DATA EXCERPT:

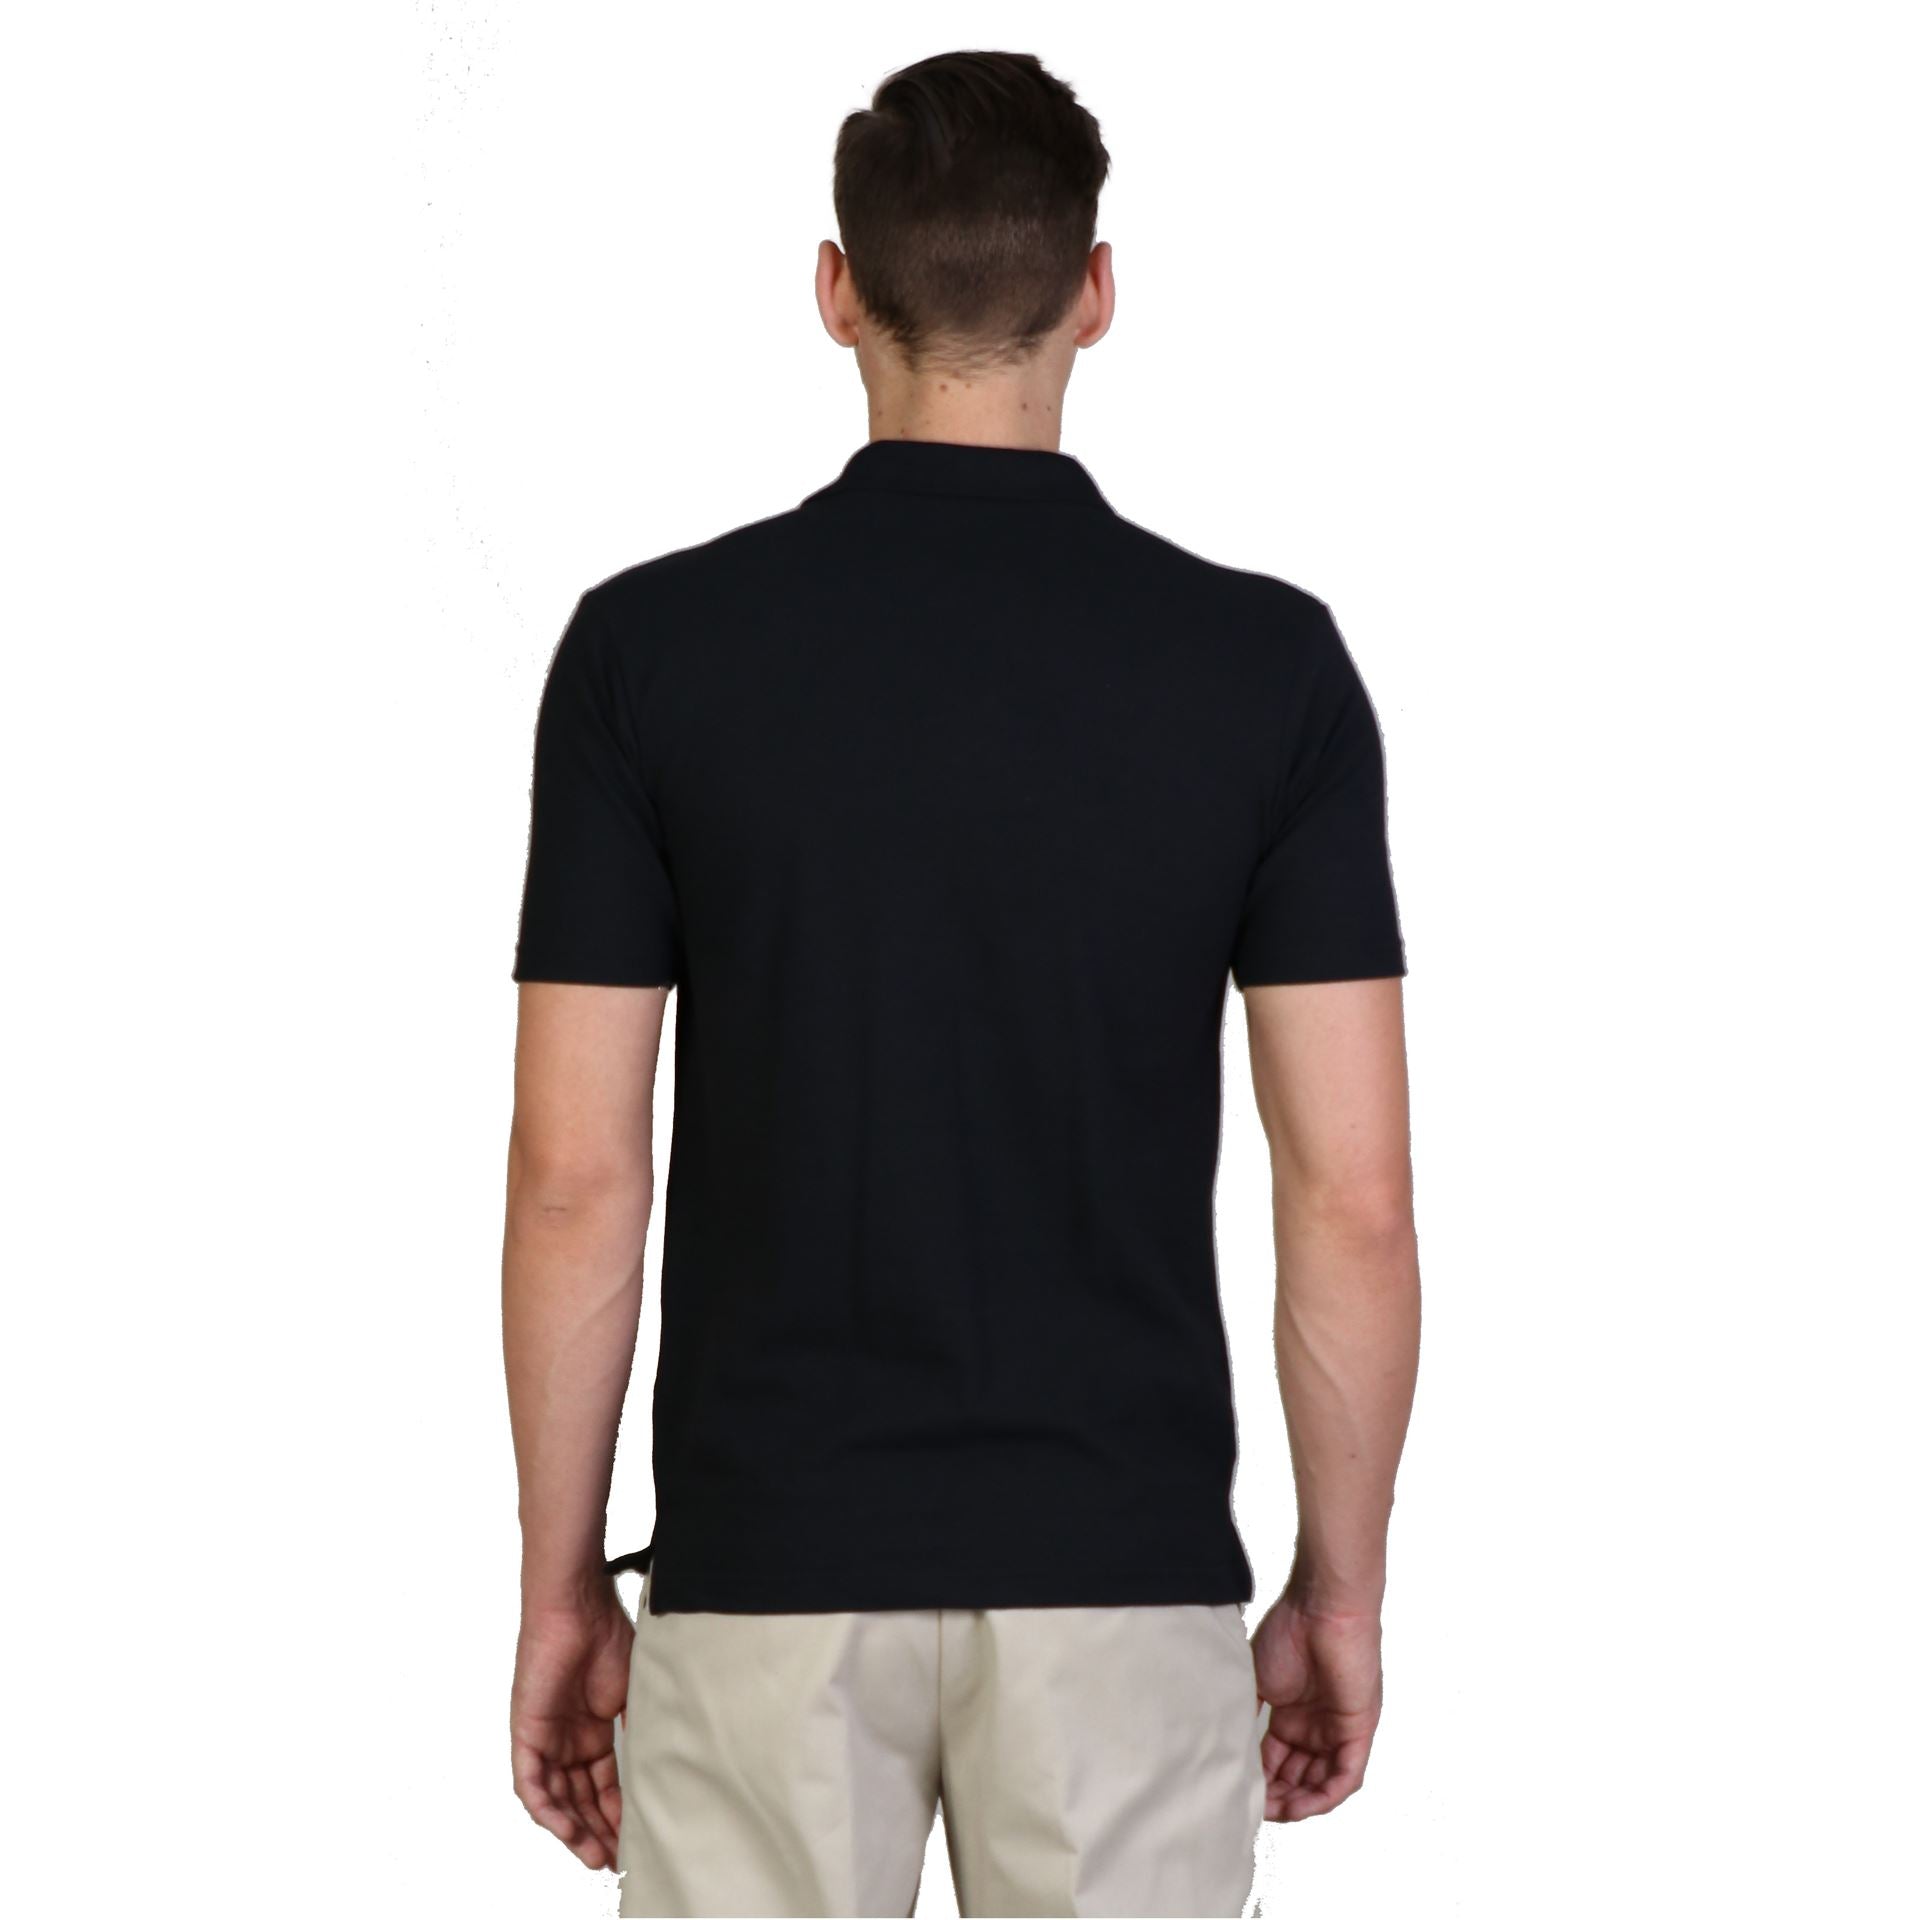 240g Classic Heavy Weight Polo
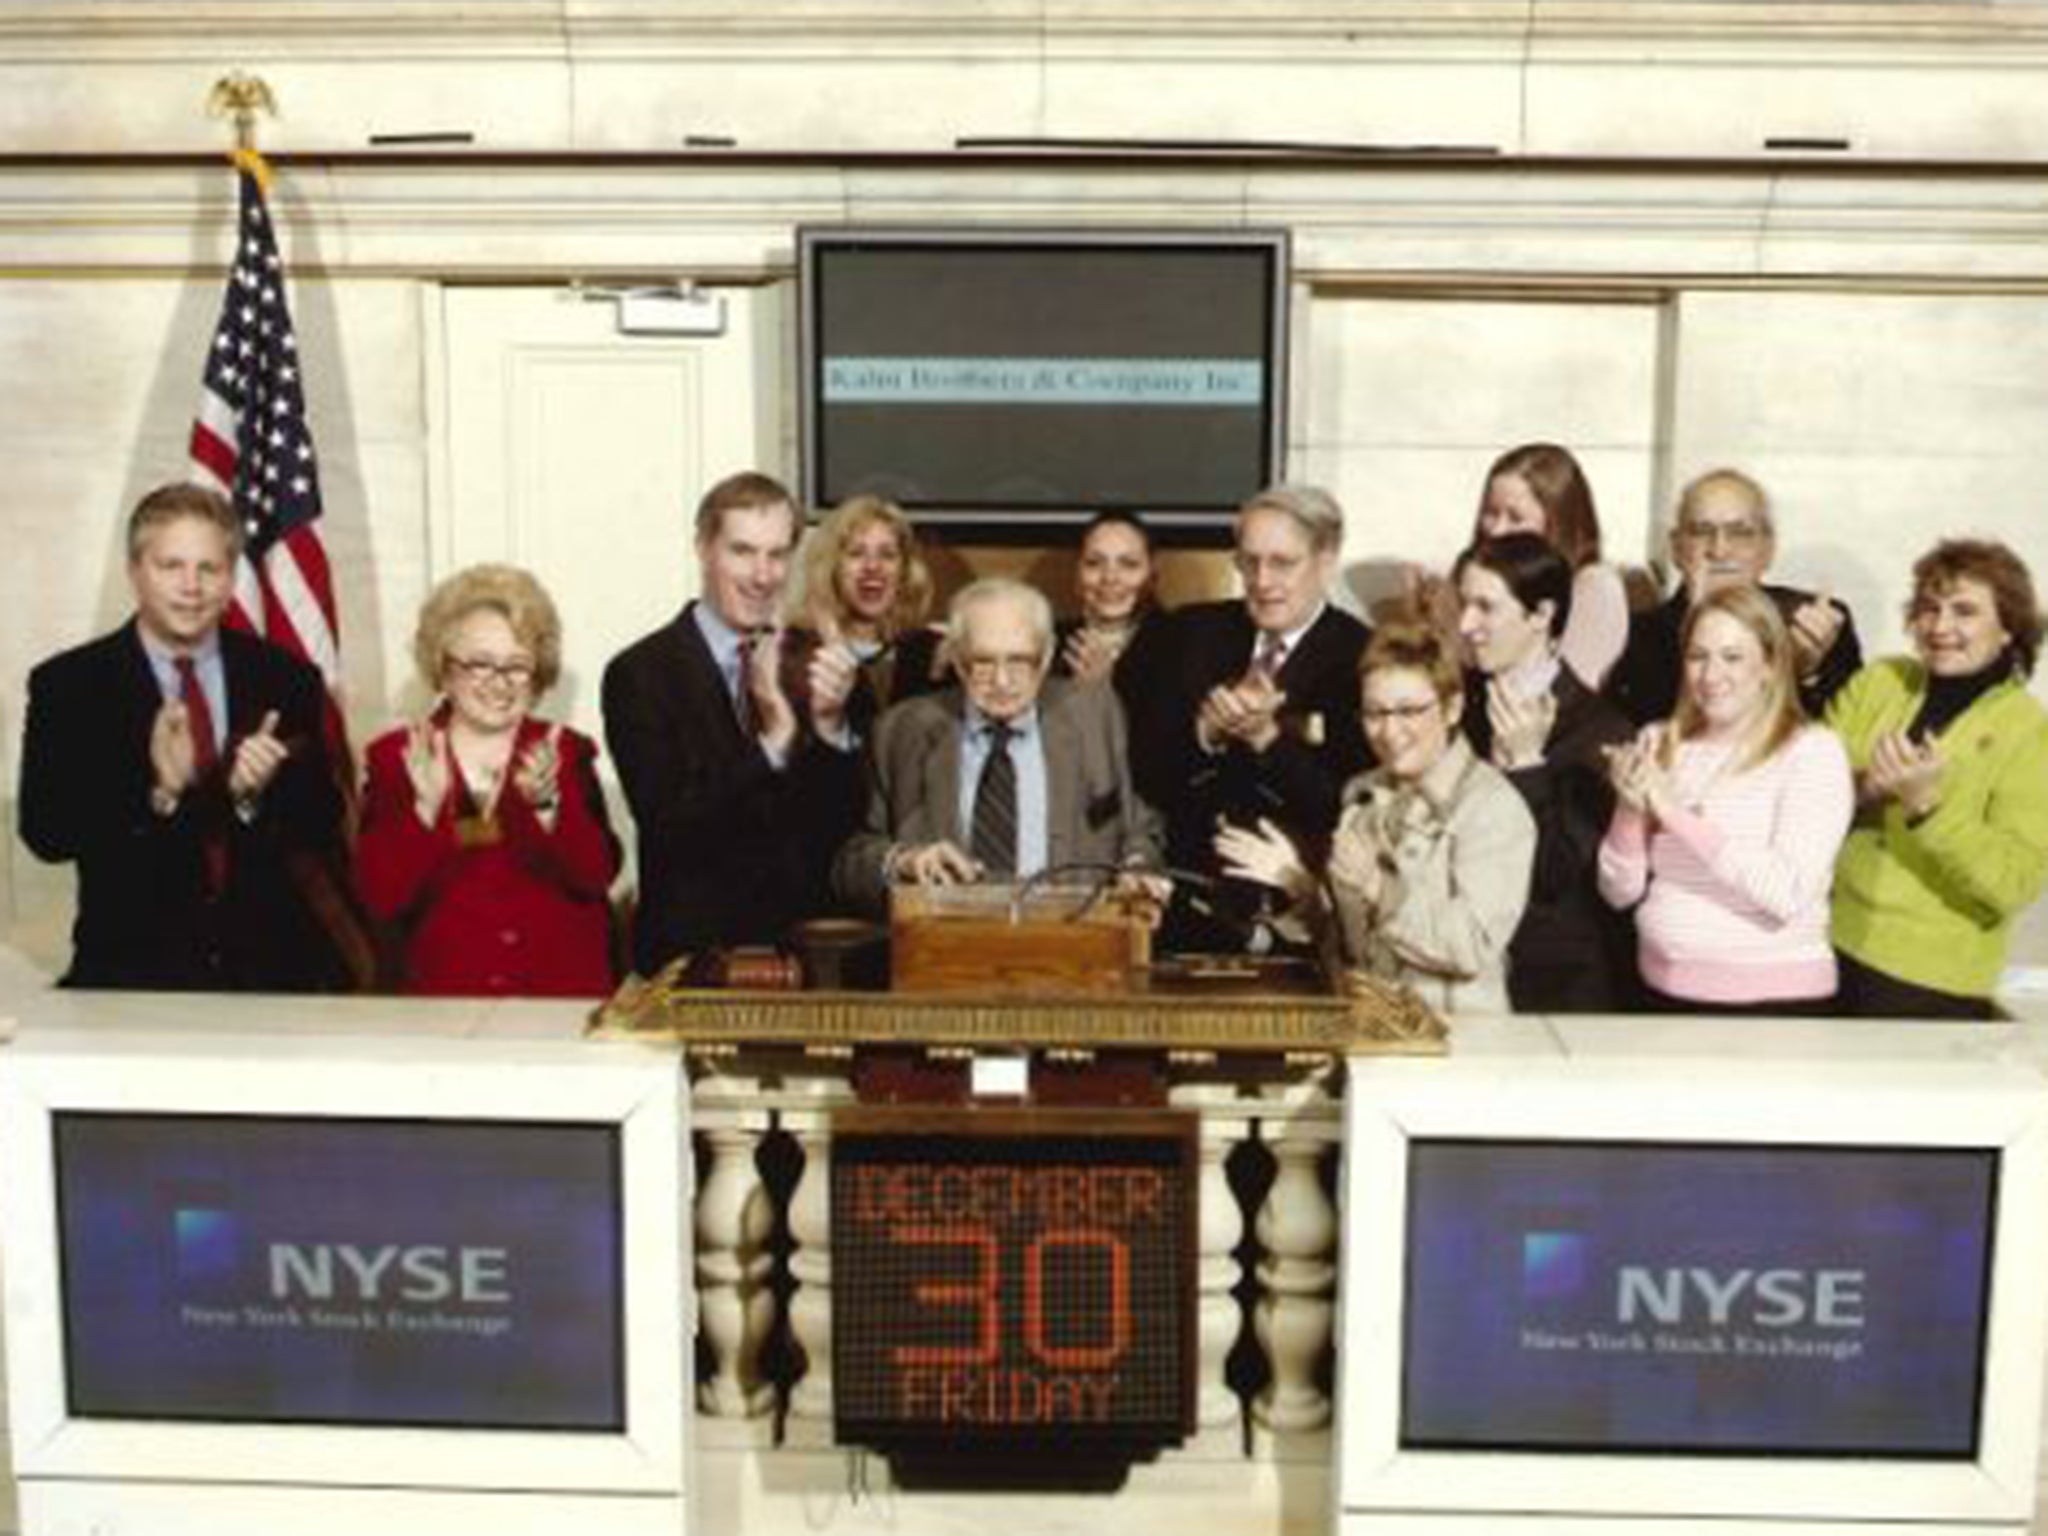 Kahn rings the opening bell on the New York Stock Exchange in 2005 to mark his 100th birthday
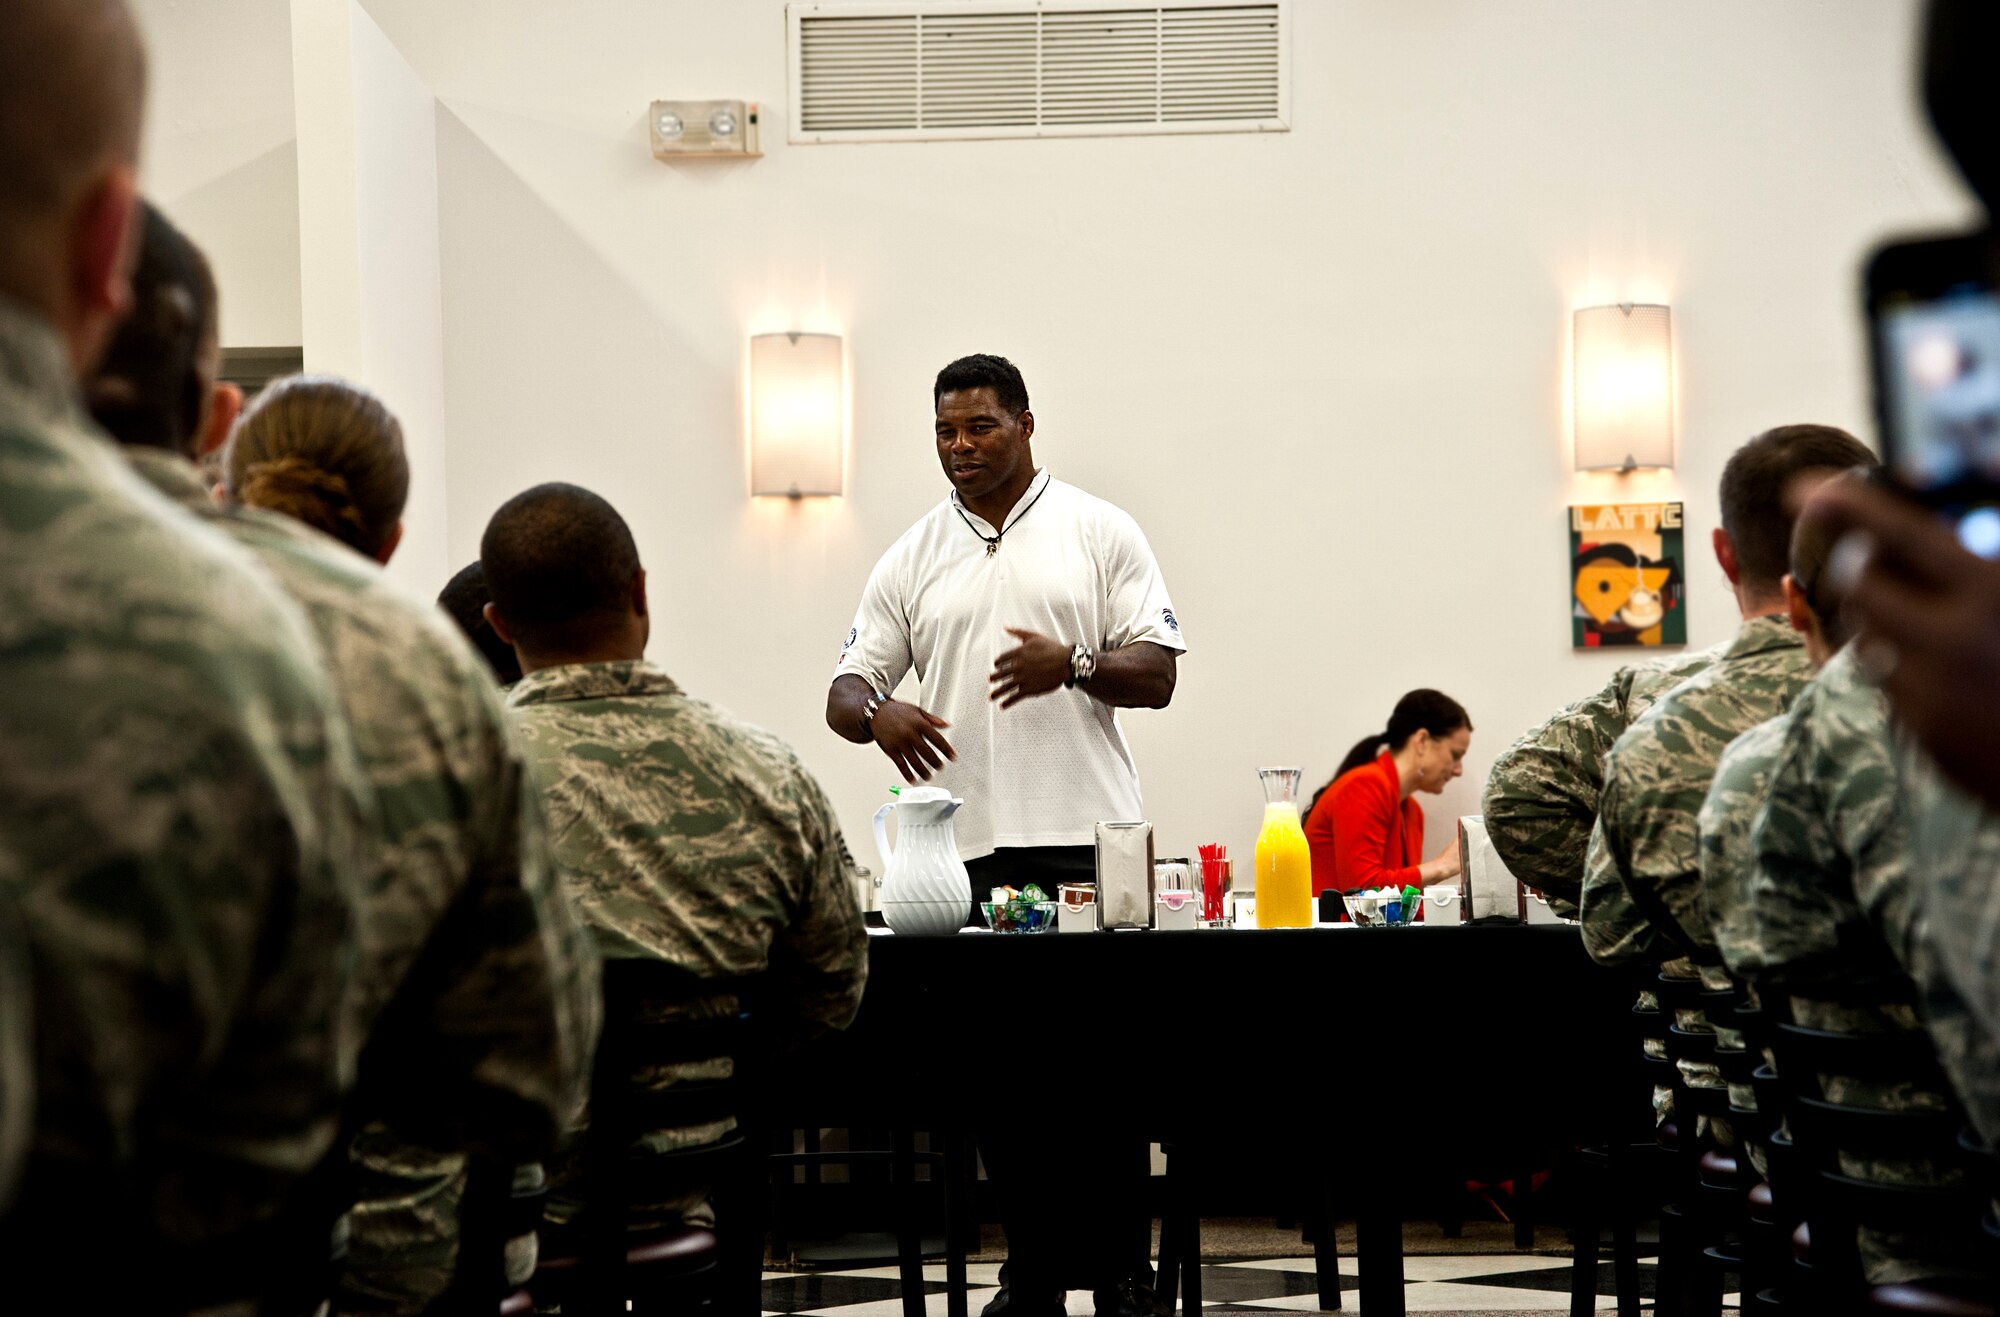 Herschel Walker shares his story with Airmen from Team Whiteman during a breakfast May 21, 2014, at Whiteman Air Force Base, Missouri. Walker is a former NFL star and “Celebrity Apprentice” contestant. (U.S. Air Force photo by Senior Airman Daniel Phelps/Released)

REQUIRED WORK: Set down the material above exactly as it reads, but not its pictures.

ANSWER TO THIS TASK:
 240g Classic Heavy Weight Polo
 Kahn rings the opening bell on the New York Stock Exchange in 2005 to mark his 100th birthday
 Herschel Walker shares his story with Airmen from Team Whiteman during a breakfast May 21, 2014, at Whiteman Air Force Base, Missouri. Walker is a former NFL star and “Celebrity Apprentice” contestant. (U.S. Air Force photo by Senior Airman Daniel Phelps/Released)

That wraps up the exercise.